BEAT Geek: Understanding Rotary Evaporators

What is a Rotary Evaporator?

A Rotary Evaporator (or ‘Rotovap’), is a device that is used primarily by chemists to remove and/or separate solvents from one another in a mixture.

The Rotovap was invented in 1950 by Lyman C. Craig, a Chemical Researcher who worked at the Rockerfella Institute for Medical Research. Working in Pharmaceuticals, Craig’s research primarily focused on separating solvents from one another that had formed a compound. He was instrumental in pioneering a technique for separating solvents of different densities, which came to be known as ‘Countercurrent Distribution’.

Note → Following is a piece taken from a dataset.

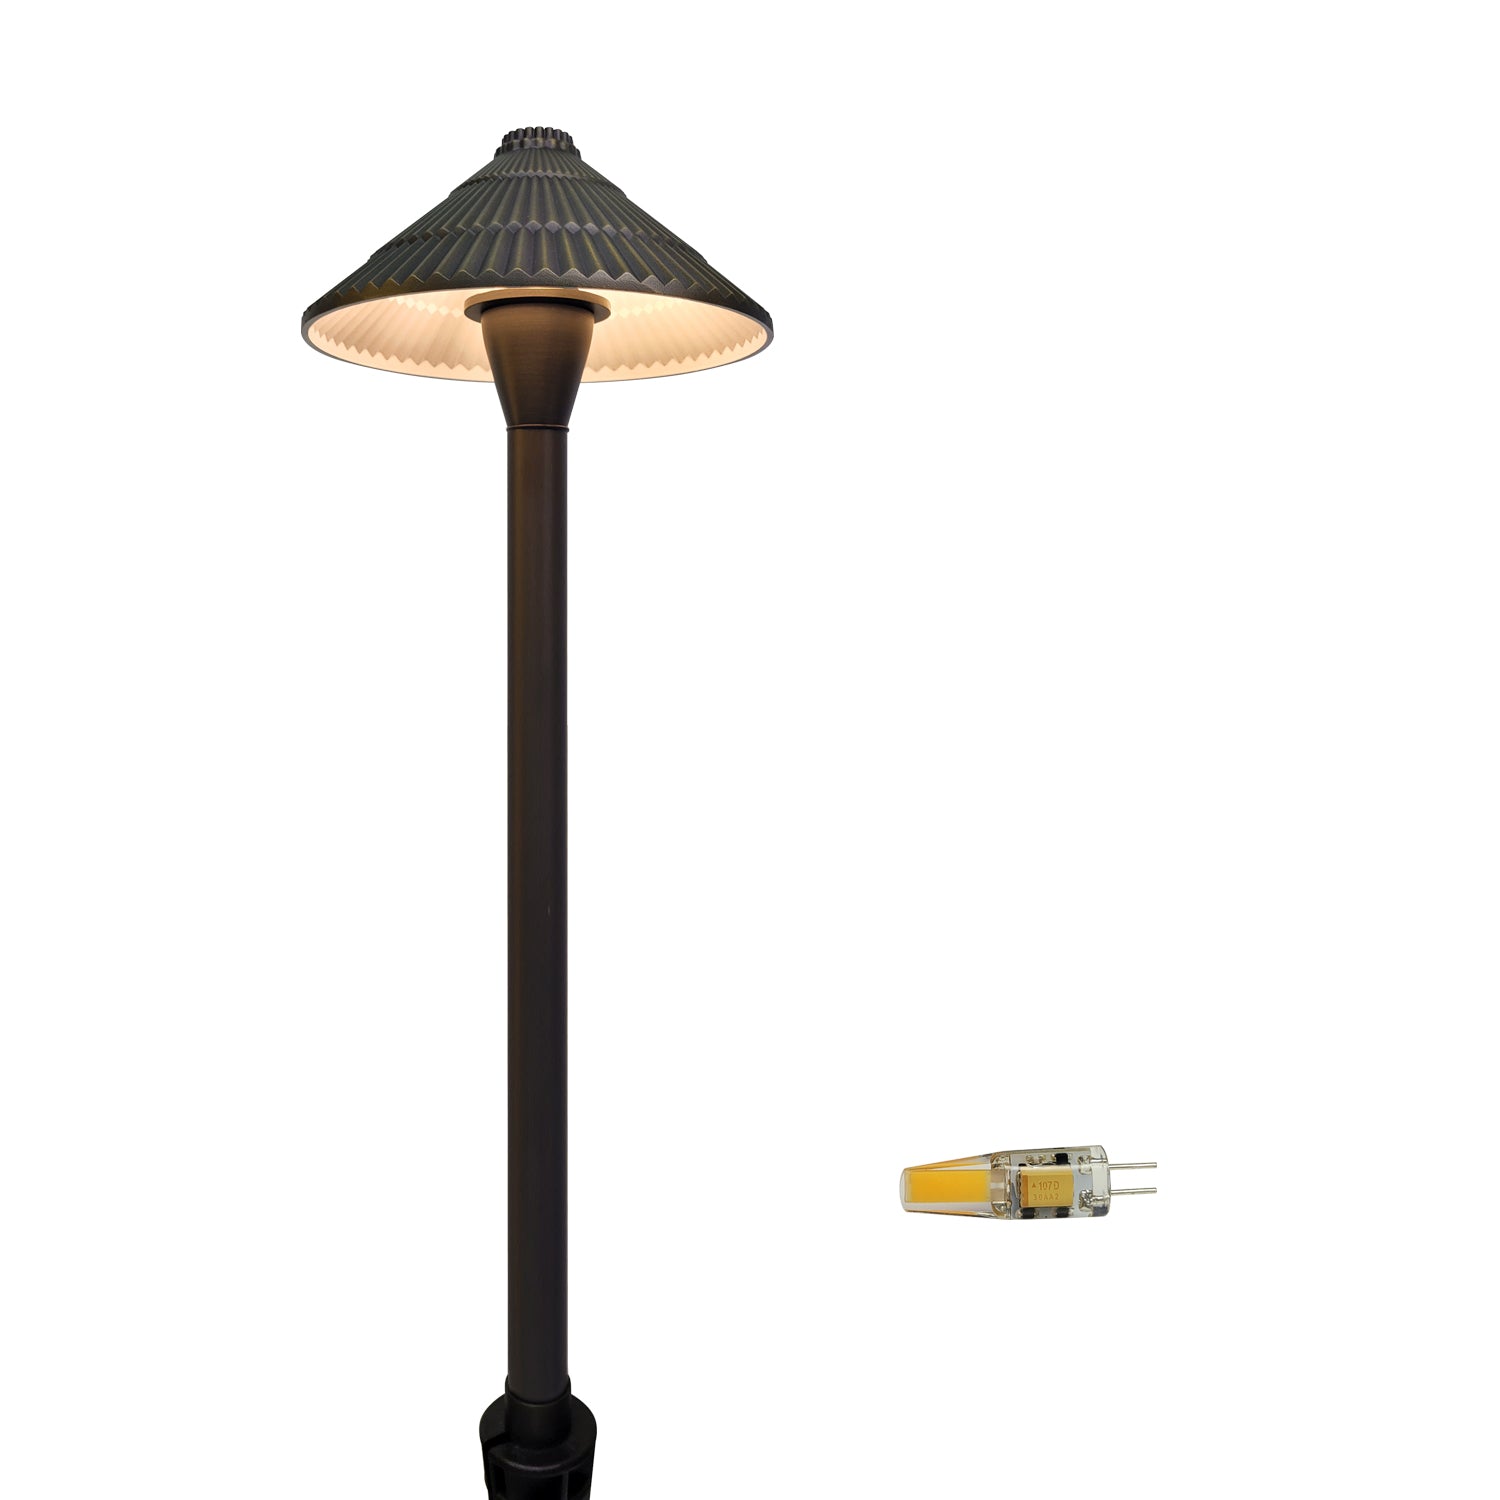 Brass LED Garden Pathway Light COP604B with illuminated lamp and included low voltage bulb
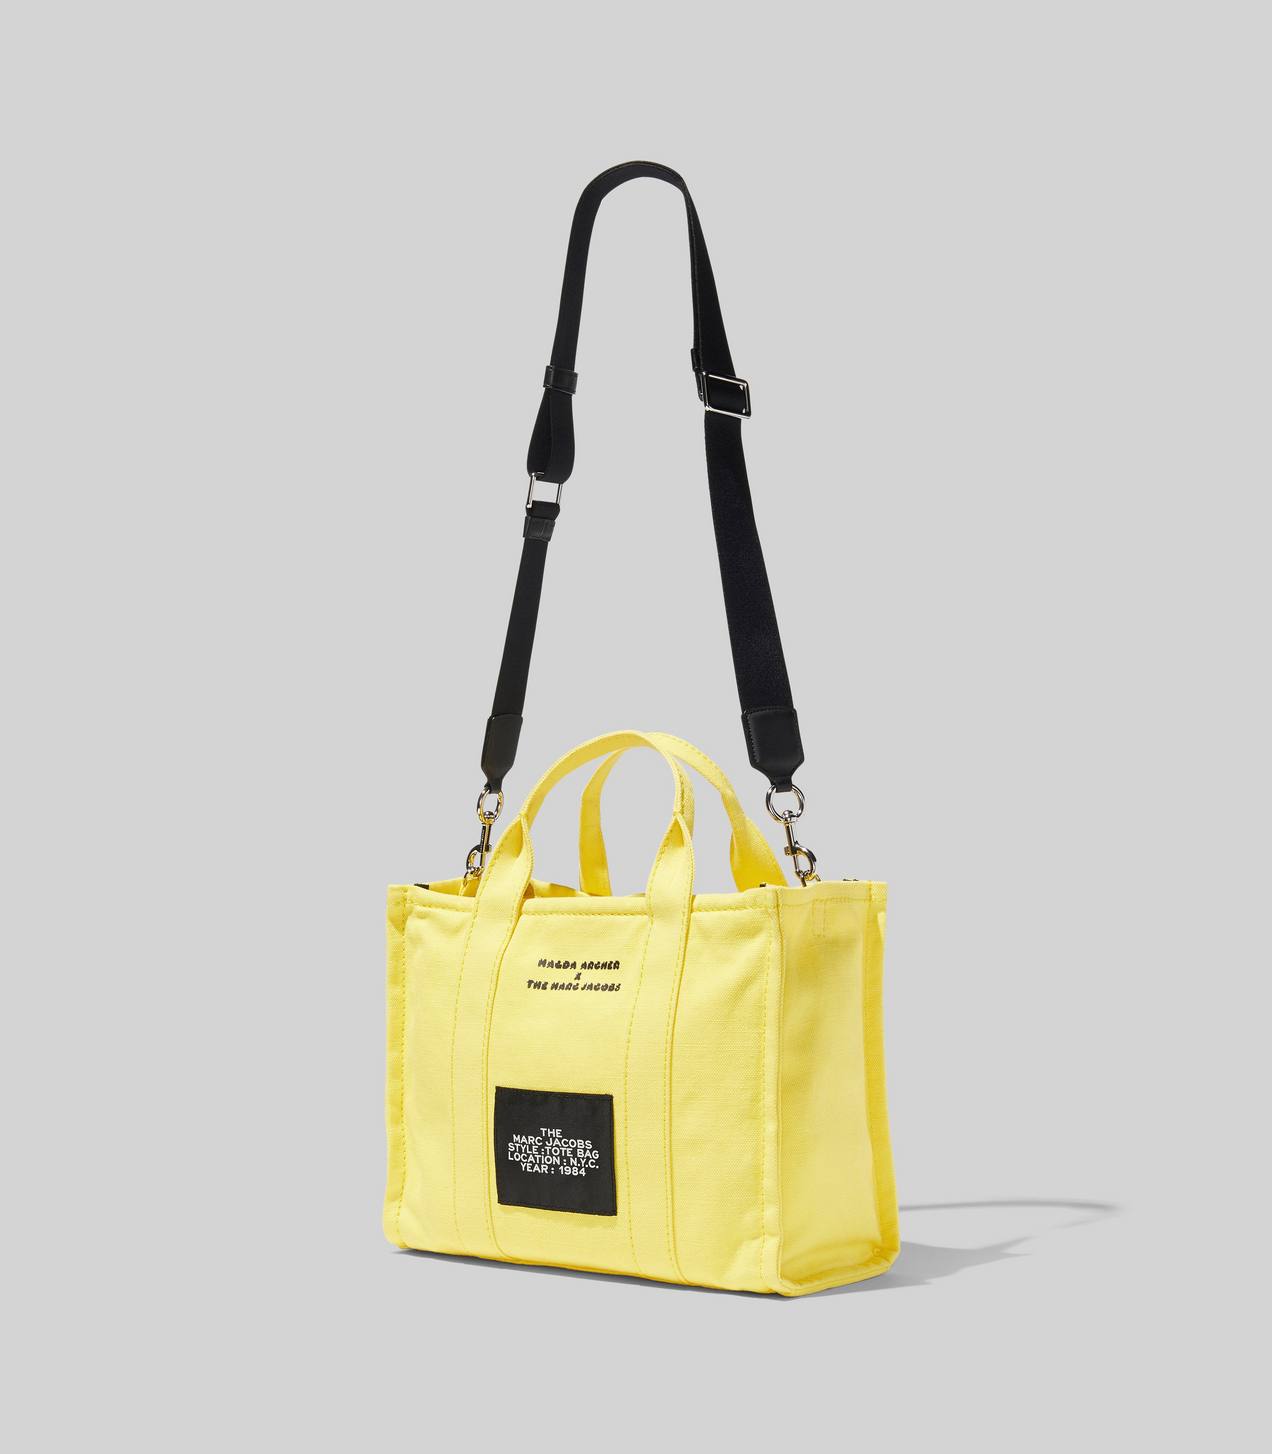 Magda Archer x The Small Traveler Tote Marc Jacobs

Following this early work, Craig realized that it was possible to identify different boiling/evaporation points in varying solvents, and use this to his advantage in order to achieve separation. It was at this point that he created the Rotary Evaporator, a piece of equipment that is found in most Laboratories and many Bars to this day!


How does it work in principle?

Rotary Evaporators apply the same principles of basic principles of distillation, however differ from a regular pot still due to the variables that can be controlled. Unlike a regular still, Rotary Evaporators allow the user to control the temperature of the heating element and the atmospheric pressure of the liquid being distilled to a finite degree.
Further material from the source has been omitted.